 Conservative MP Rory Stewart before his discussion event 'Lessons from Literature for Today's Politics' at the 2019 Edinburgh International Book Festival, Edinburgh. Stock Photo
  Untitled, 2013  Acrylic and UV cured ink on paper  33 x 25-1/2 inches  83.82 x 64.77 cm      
————————
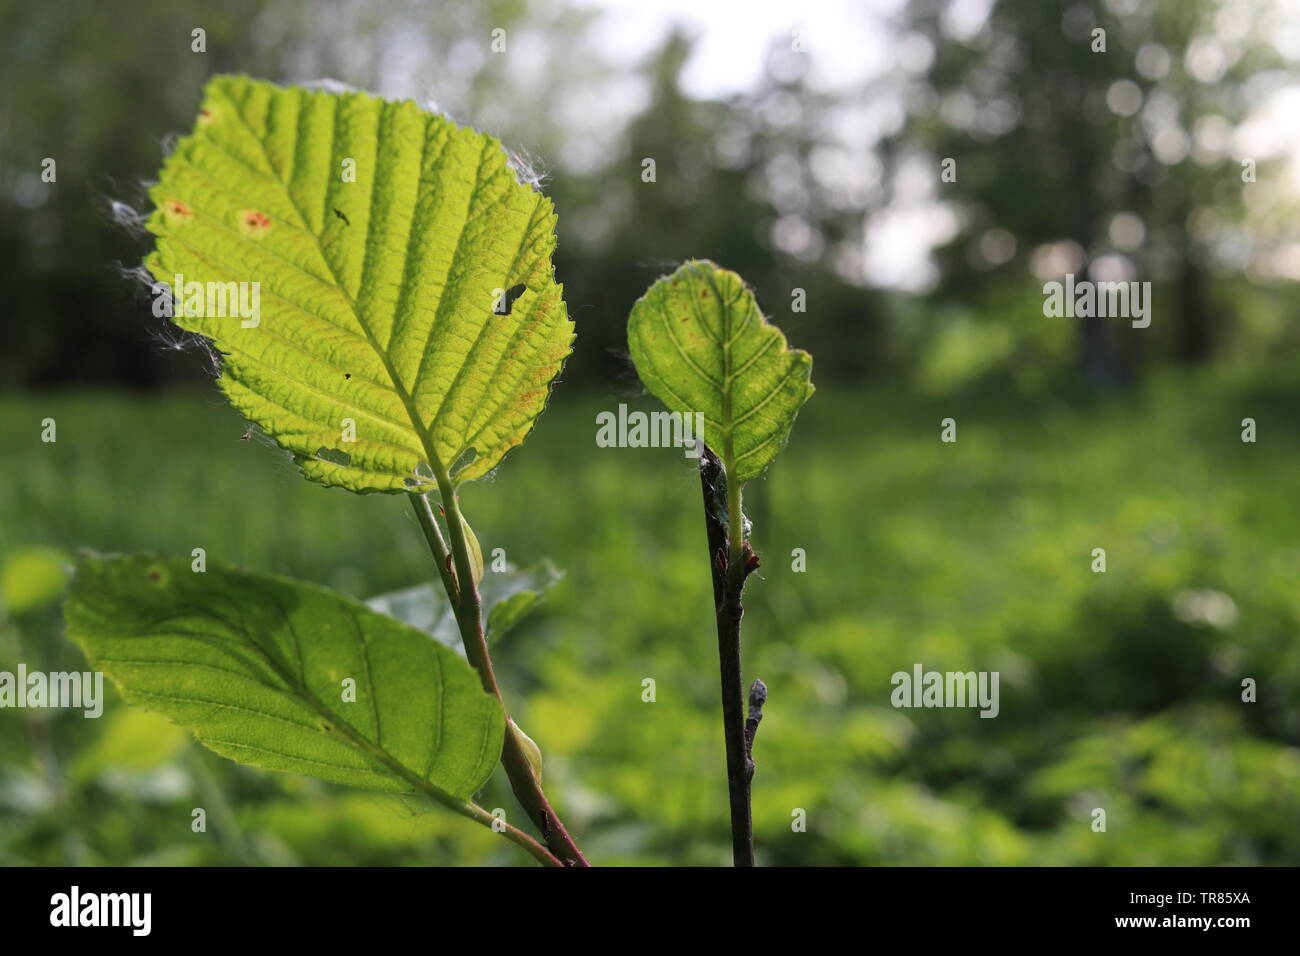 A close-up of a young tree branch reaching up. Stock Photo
————————
How to complete this task - In the listing above, locate the line containing "Conservative MP Rory" and the line containing "83.82 x 64.77 cm". Transcribe those two lines and everything between them, exactly as written.

Completed exercise -
 Conservative MP Rory Stewart before his discussion event 'Lessons from Literature for Today's Politics' at the 2019 Edinburgh International Book Festival, Edinburgh. Stock Photo
  Untitled, 2013  Acrylic and UV cured ink on paper  33 x 25-1/2 inches  83.82 x 64.77 cm      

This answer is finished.